What the task asks:
The data below is to be transcribed word for word; pictures are to be excluded.

Available data:
+++

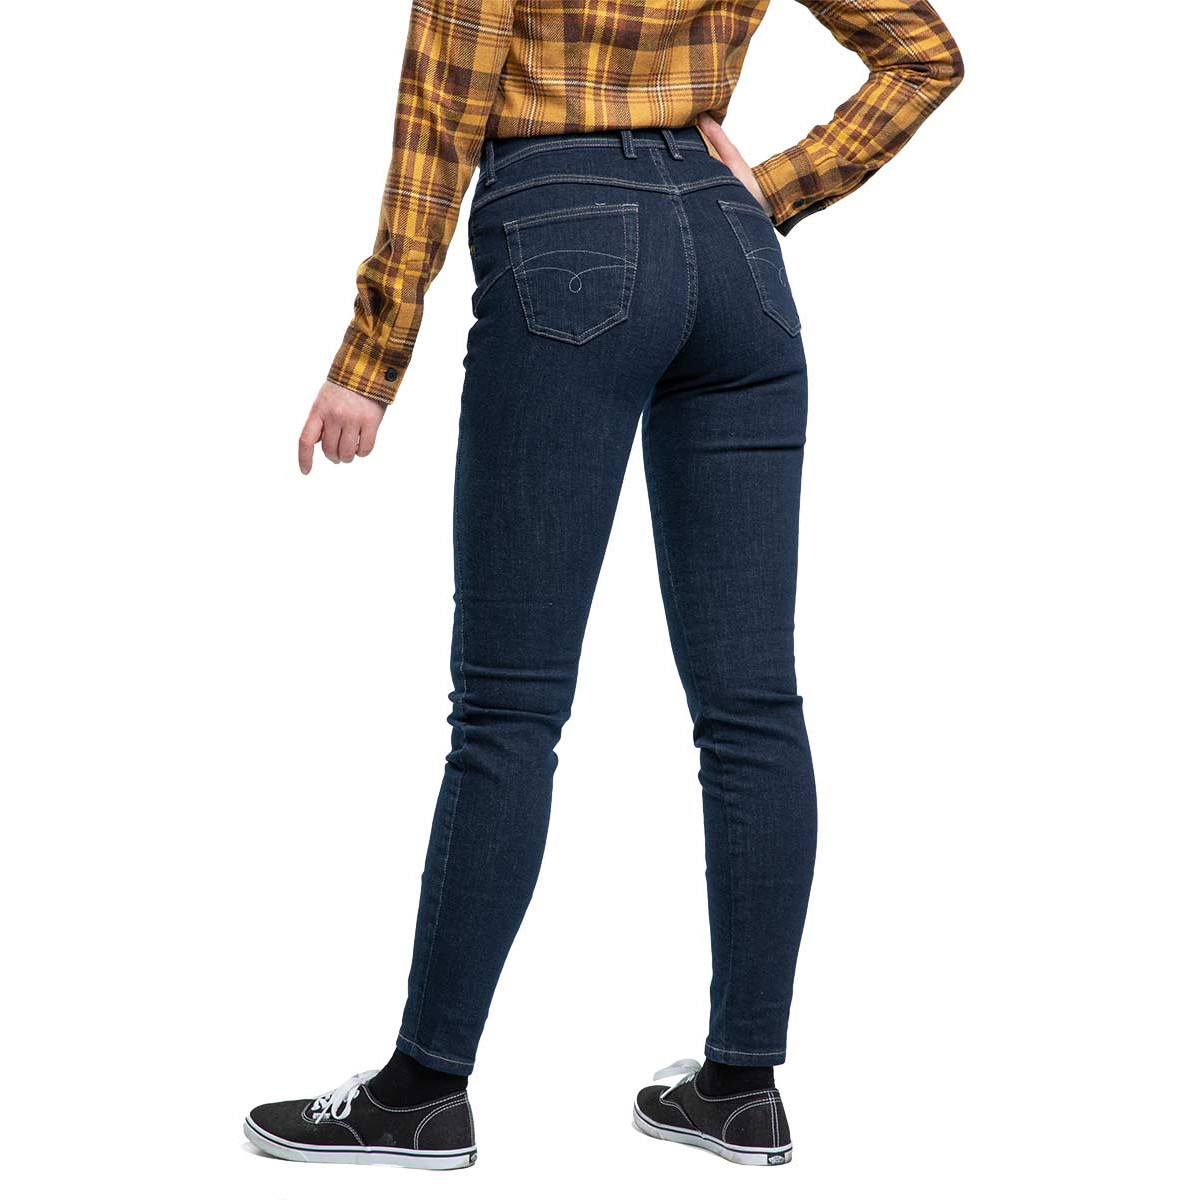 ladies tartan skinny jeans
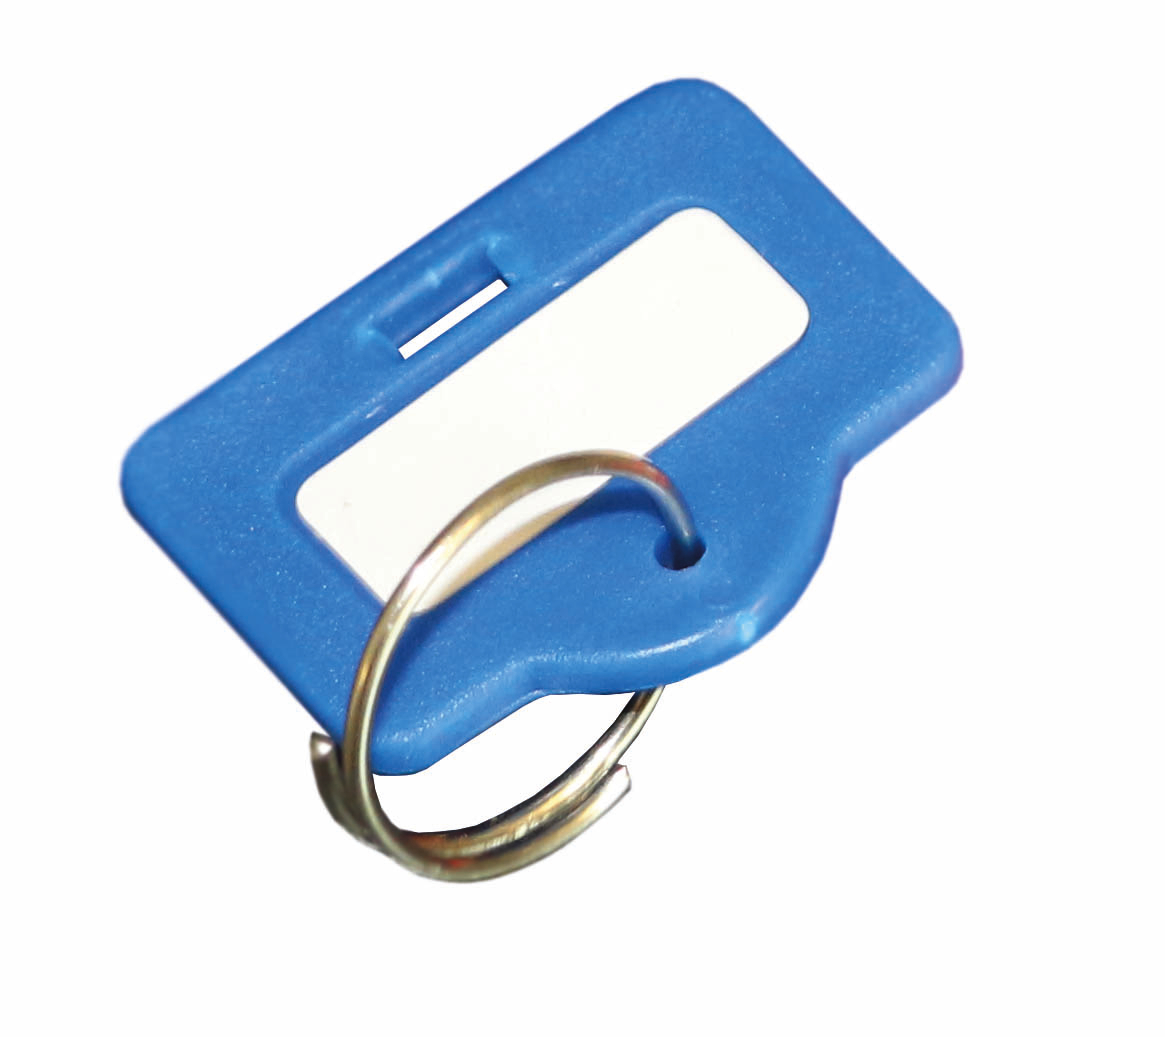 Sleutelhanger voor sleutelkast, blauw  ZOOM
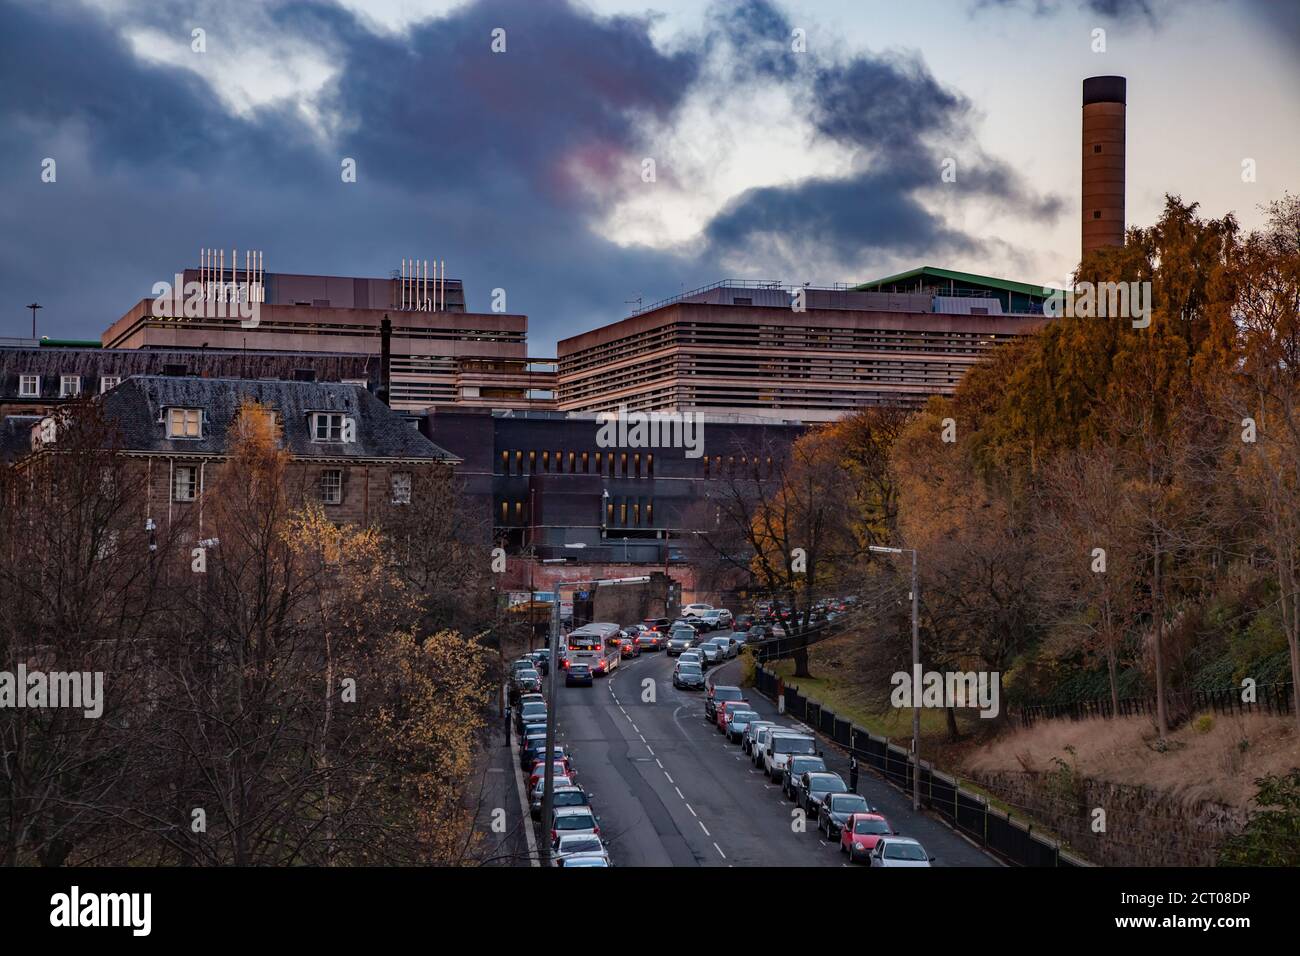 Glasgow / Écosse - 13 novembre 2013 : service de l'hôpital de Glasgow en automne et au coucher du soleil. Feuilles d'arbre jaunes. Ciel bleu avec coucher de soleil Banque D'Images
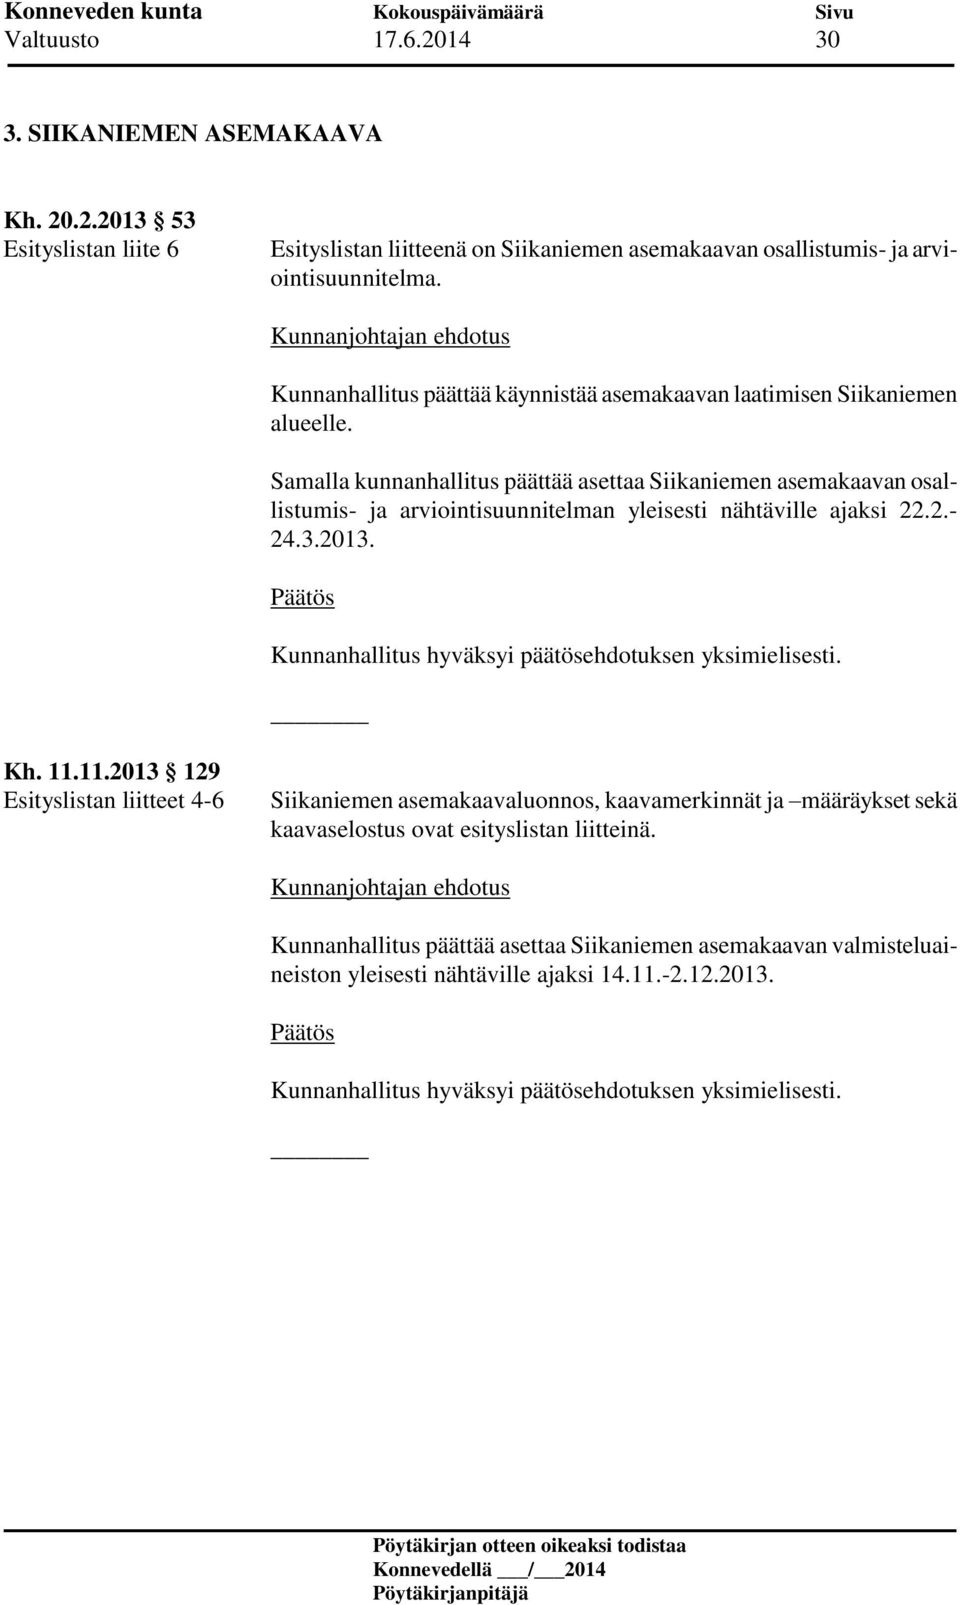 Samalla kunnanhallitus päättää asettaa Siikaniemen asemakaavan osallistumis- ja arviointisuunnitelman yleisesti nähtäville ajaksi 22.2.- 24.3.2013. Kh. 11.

+++

Answer section:
 ladies tartan skinny jeans
 Sleutelhanger voor sleutelkast, blauw  ZOOM
 Glasgow / Écosse - 13 novembre 2013 : service de l'hôpital de Glasgow en automne et au coucher du soleil. Feuilles d'arbre jaunes. Ciel bleu avec coucher de soleil Banque D'Images
 Samalla kunnanhallitus päättää asettaa Siikaniemen asemakaavan osallistumis- ja arviointisuunnitelman yleisesti nähtäville ajaksi 22.2.- 24.3.2013. Kh. 11.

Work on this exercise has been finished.